La proposta di Senza Bavaglio, letta probabilmente solo perché messa agli atti, ha avuto l’onore, una volta tanto, di mettere d’accordo in toto sia maggioranza che “opposizione”. Entrambe le parti hanno infatti velocemente respinto la nostra proposta. Chi, come Maria Graza Molinari, perché ha paragonato il voto sulle “ipotesi dei contratti” a una pistola puntata alla testa del Segretario generale durante la contrattazione con gli editori, chi, come Carlo Parisi, segretario della Calabria e membro di giunta, perché convinto che l’indire referendum sulle ipotesi avrebbe portato all’abuso di uno strumento che noi, invece, consideriamo democratico.

A nulla sono valse le ragioni di Senza Bavaglio, che tuttora considera inutile un referendum consultivo su un contratto già firmato. Abbiamo chiesto di riflettere a cosa potrebbe succedere se un contratto già firmato e in vigore fosse bocciato. Nulla, nessuno ha spiegato, nessuno ci ha dato una risposta. A nostro avviso, un referendum confermativo di un’ipotesi di contratto – come abbiamo sostenuto qui sopra - non solo non sarebbe “una pistola puntata alla testa”, ma, anzi, un’arma in più che rafforzerebbe la posizione del Segretario stesso in sede di trattativa con la Fieg.

I lavori sono dunque proseguiti, molto lentamente, con le accuse di Maria Grazia Molinari e di Silvana Mazzocchi alla maggioranza rea di essere oltremodo rigida sulle proprie posizioni, e con l’invito di Roberto Natale (Usigrai) di non gettare al vento quanto fatto a ventitrè giorni dal congresso.

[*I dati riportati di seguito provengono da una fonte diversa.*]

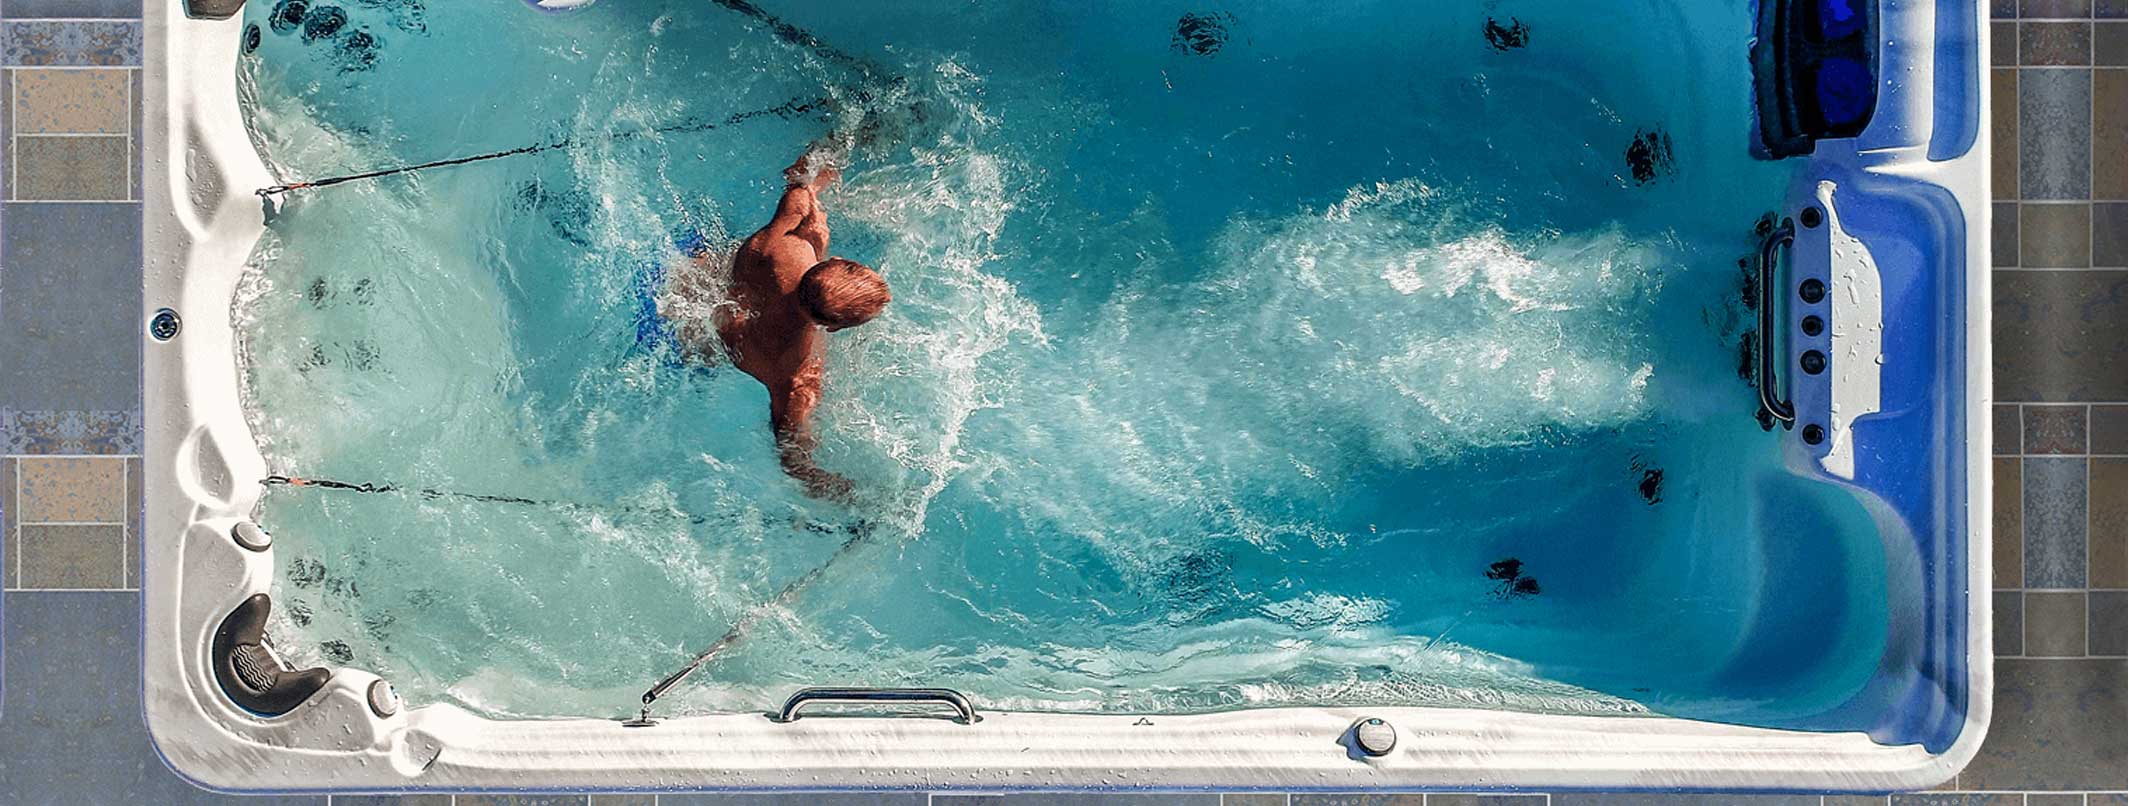 TidalFit EP15 Exercise Swim Spa & Hot Tub by Artesian Spas
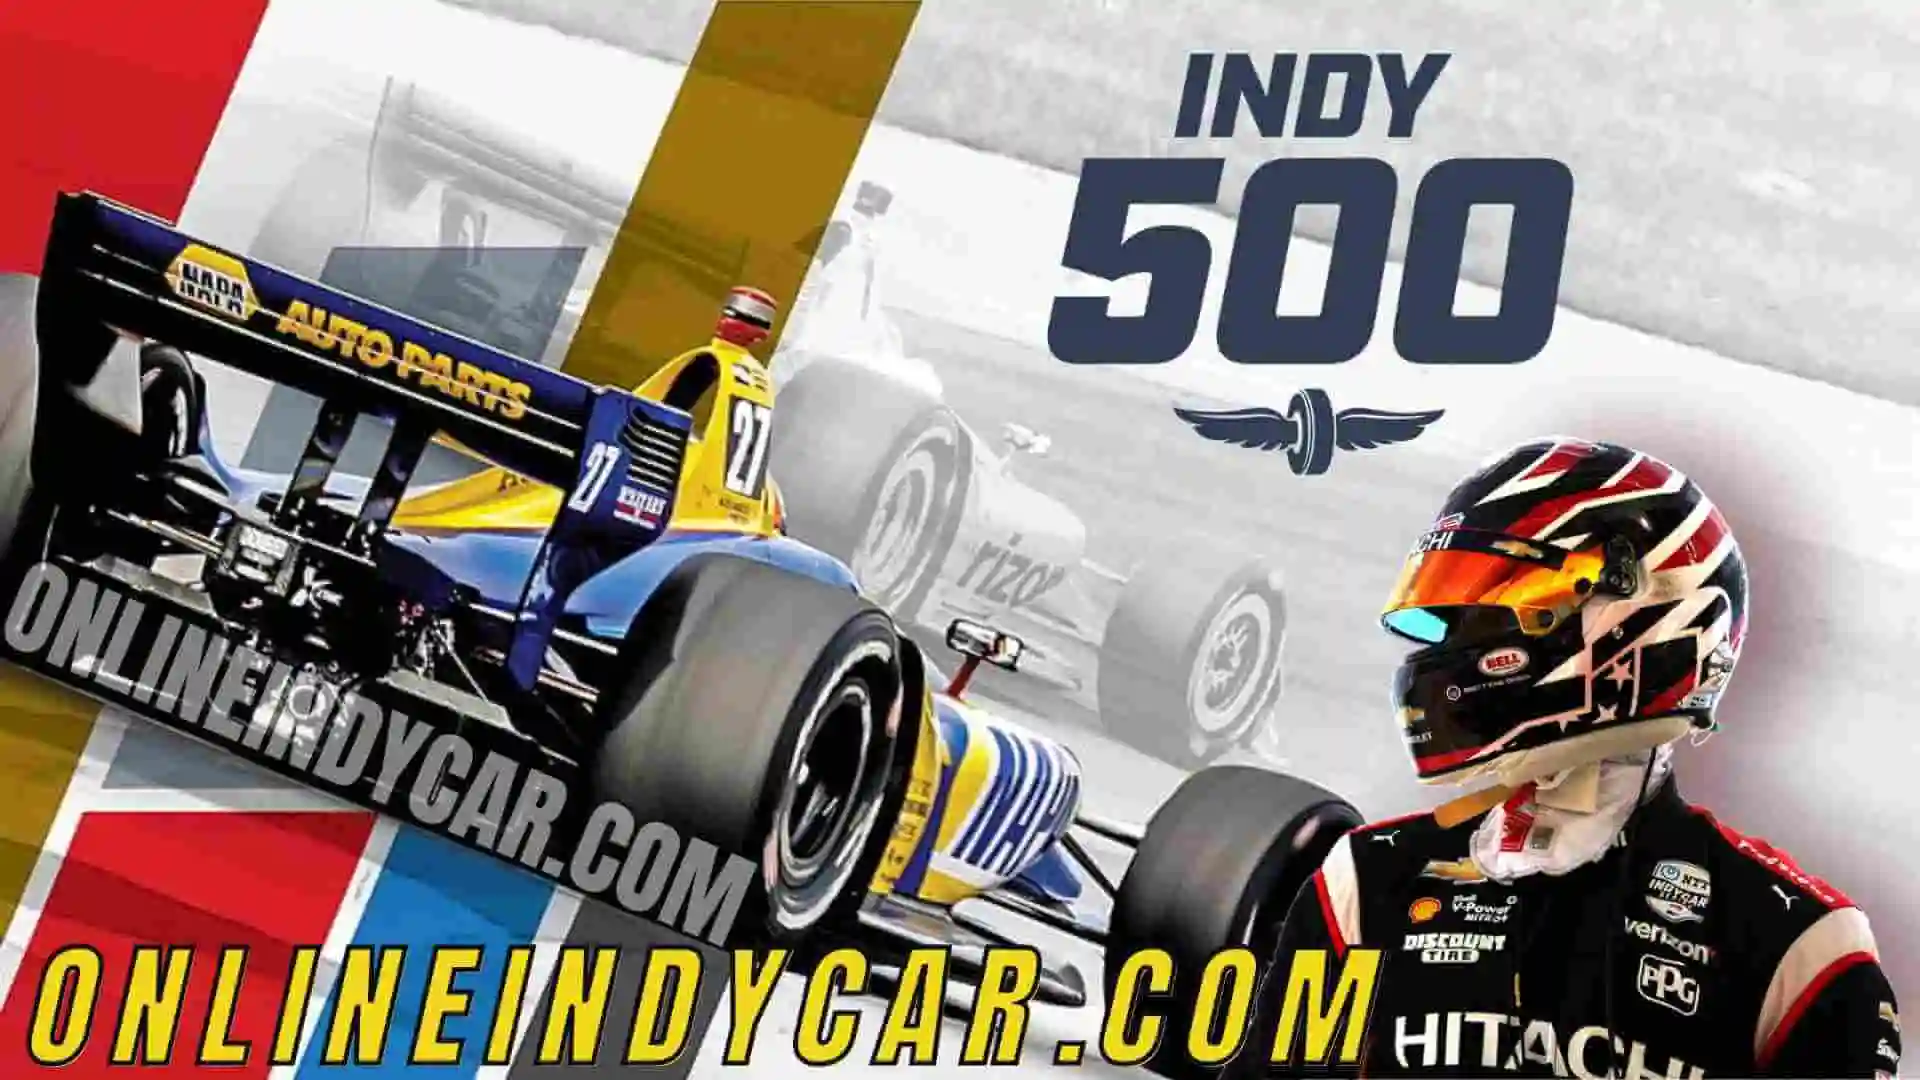 Indianapolis 500 IndyCar Live Stream

Il nodo della questione, è bene sottolinearlo, è racchiuso nell’interpretazione della parola “secondo” della proposta della maggioranza, che, sostengono le minoranze, renderebbe il referendum non automatico e non obbligatorio.

A rompere gli indugi è stato l’intervento di Carlo Parisi che, dichiarandosi disposto a sottoscrivere (salvo chiarimenti sulle modalità) la proposta della maggioranza, conquistando così i due terzi dei voti necessari per l’approvazione in Congresso della modifica statutaria, ha portato Maria Grazia Molinari, Silvia Mazzocchi, Cinzia Romano, Daniela Stigliano e Pier Luigi Franz a stilare una nuova proposta:

“I contratti nazionali di lavoro sono sottoposti a referendum consultivo. Le modalità di svolgimento sono stabilite dal regolamento approvato dal Consiglio Nazionale della Fnsi”.

Francamente noi non capiamo: se il contratto è già stato firmato una consultazione a posteriori non può essere altro che consultiva. Riteniamo invece che un referendum possa essere consultivo solo se si tiene prima della firma finale, come chiediamo noi di Senza Bavaglio.